Go on the Kreg site and watch the demo.
johnep


----------



## NewBi (Mar 23, 2017)

johnep1934 said:


> Go on the Kreg site and watch the demo.
> johnep


Thanks for the reply.


Gary


----------



## GuitarPhotographer (Jun 26, 2015)

I don't think the spacing between the guide holes is critical. The holes seem to be spaced for convenience, unless I missed something. I've been using one for a couple of years and just adjust how I clamp the work when I set up.


----------



## Toolman50 (Mar 22, 2015)

The spacing of the holes can vary. 
The angle and the depth are what are both constant. 
Depending on the width of the board you can install 2, 3, 4 or more screws.
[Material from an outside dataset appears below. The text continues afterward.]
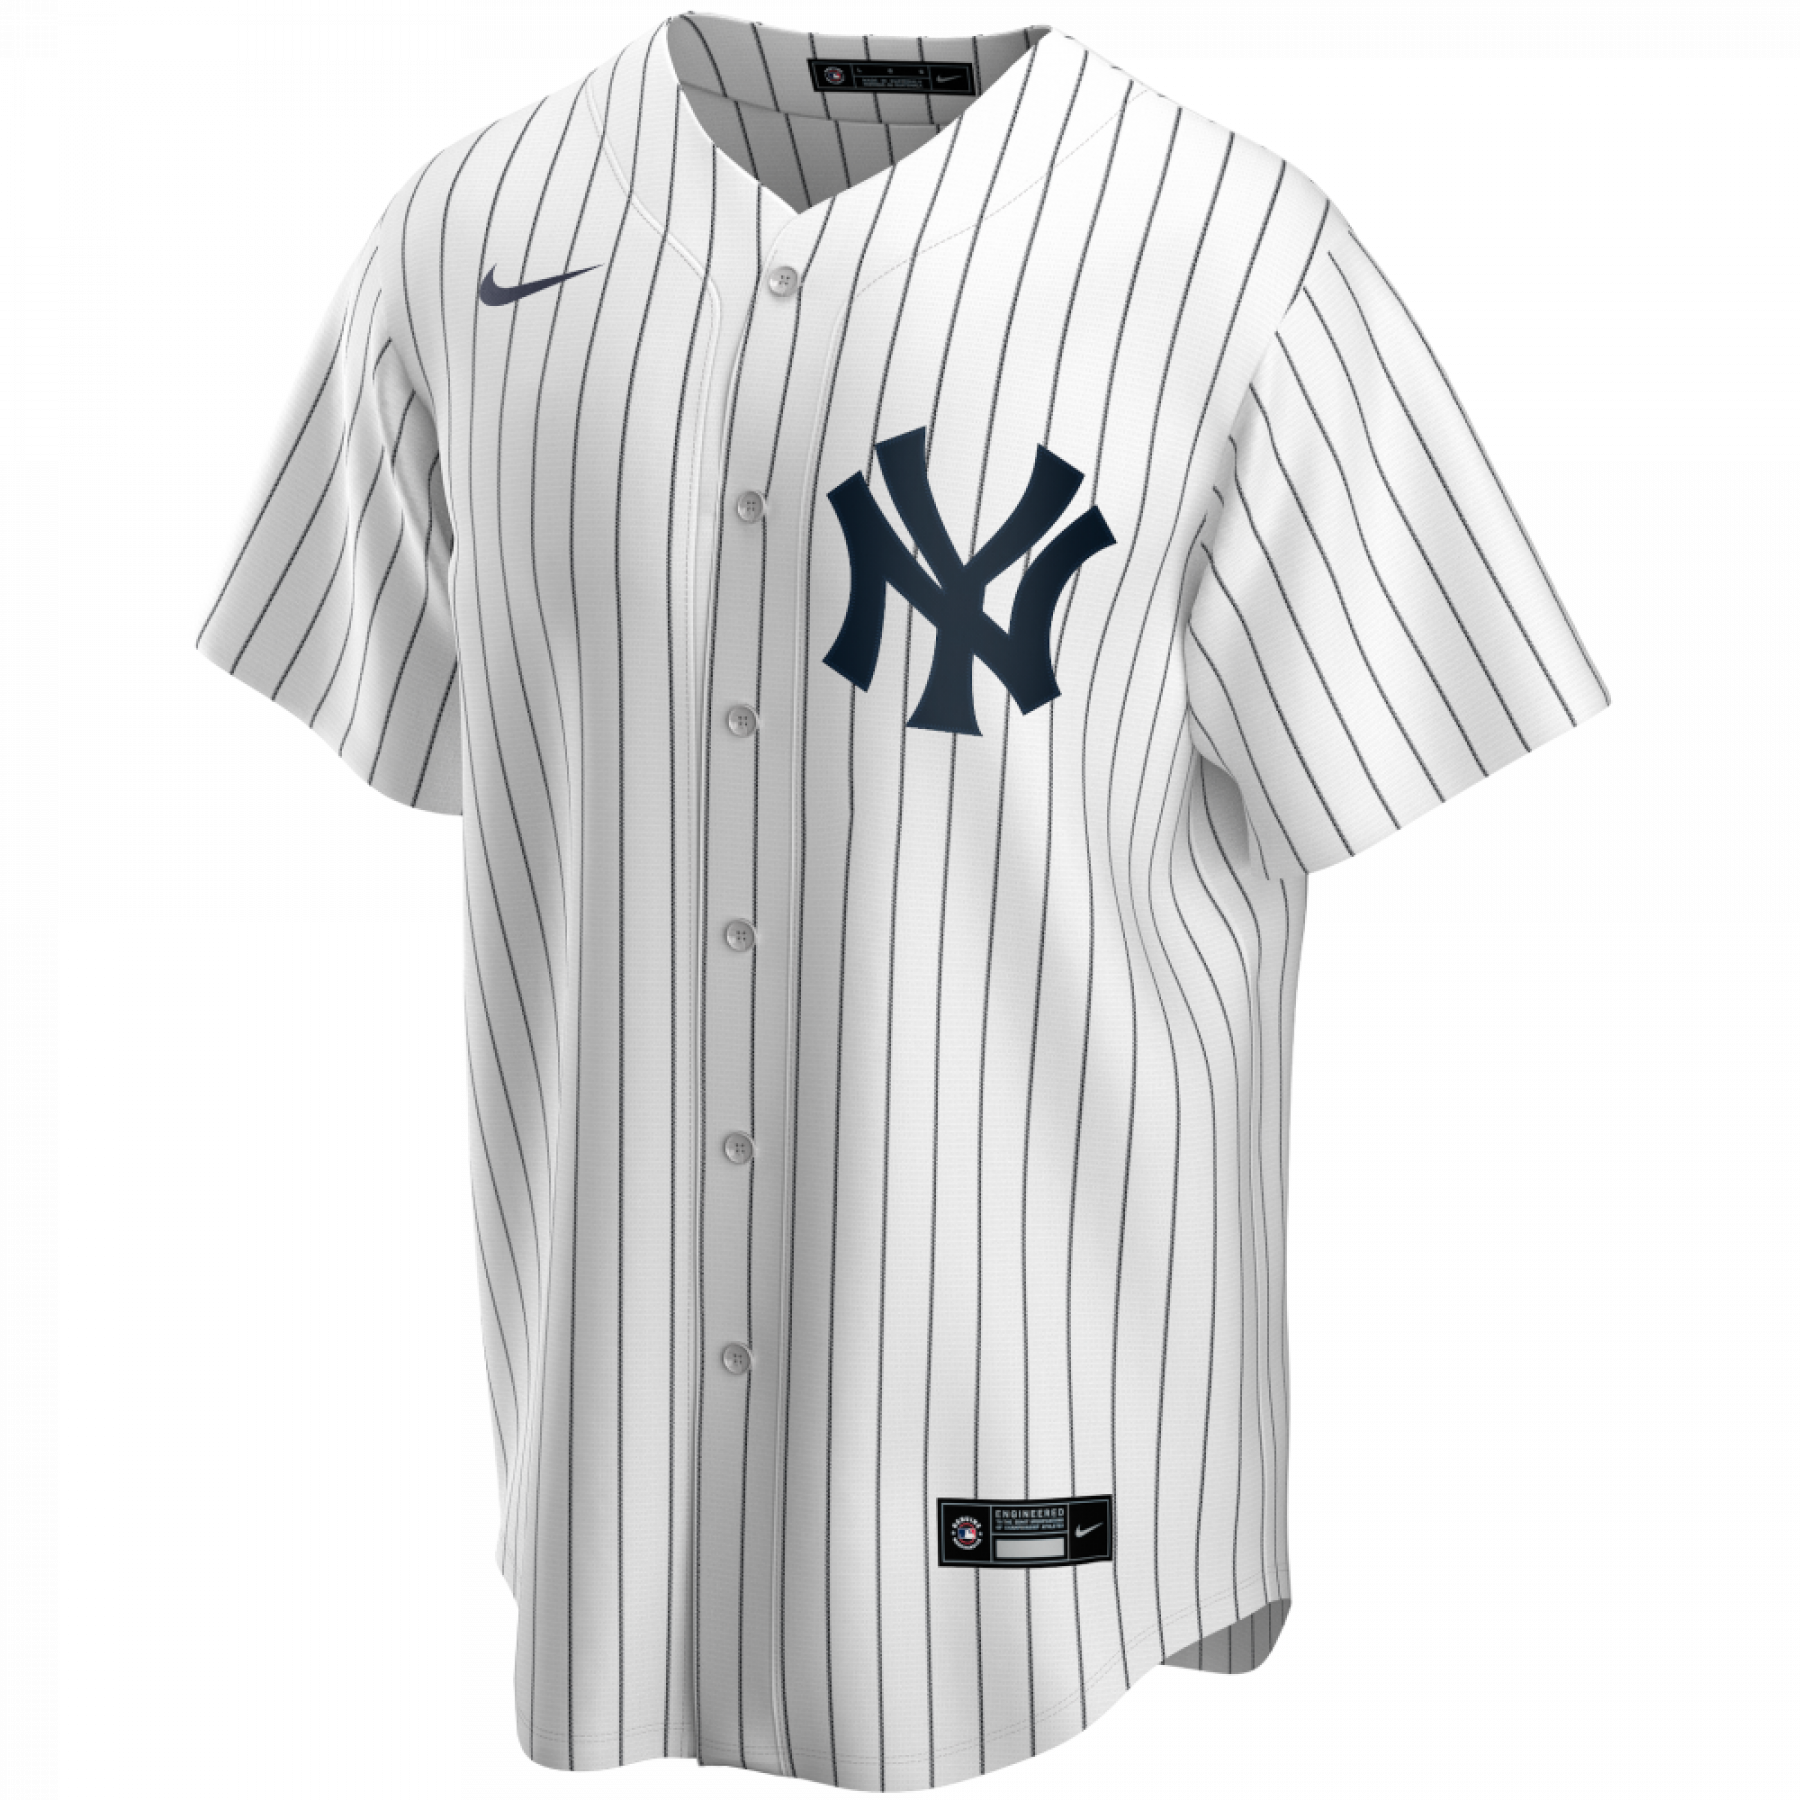 Maglia ufficiale Replica New York Yankees

You can space the screws accordingly. My jig has the centers for two screws about 1 1/4” apart but I don’t always install it that way. My jig is plastic with a metal insert set for depth. The Kreg drill bit is proprietary to the jig and the screws are designed specifically for the operation. 
If you plan on building a lot of faceframes, I suggest you bite the bullet and buy a simple Kreg starter set. Very handy.


----------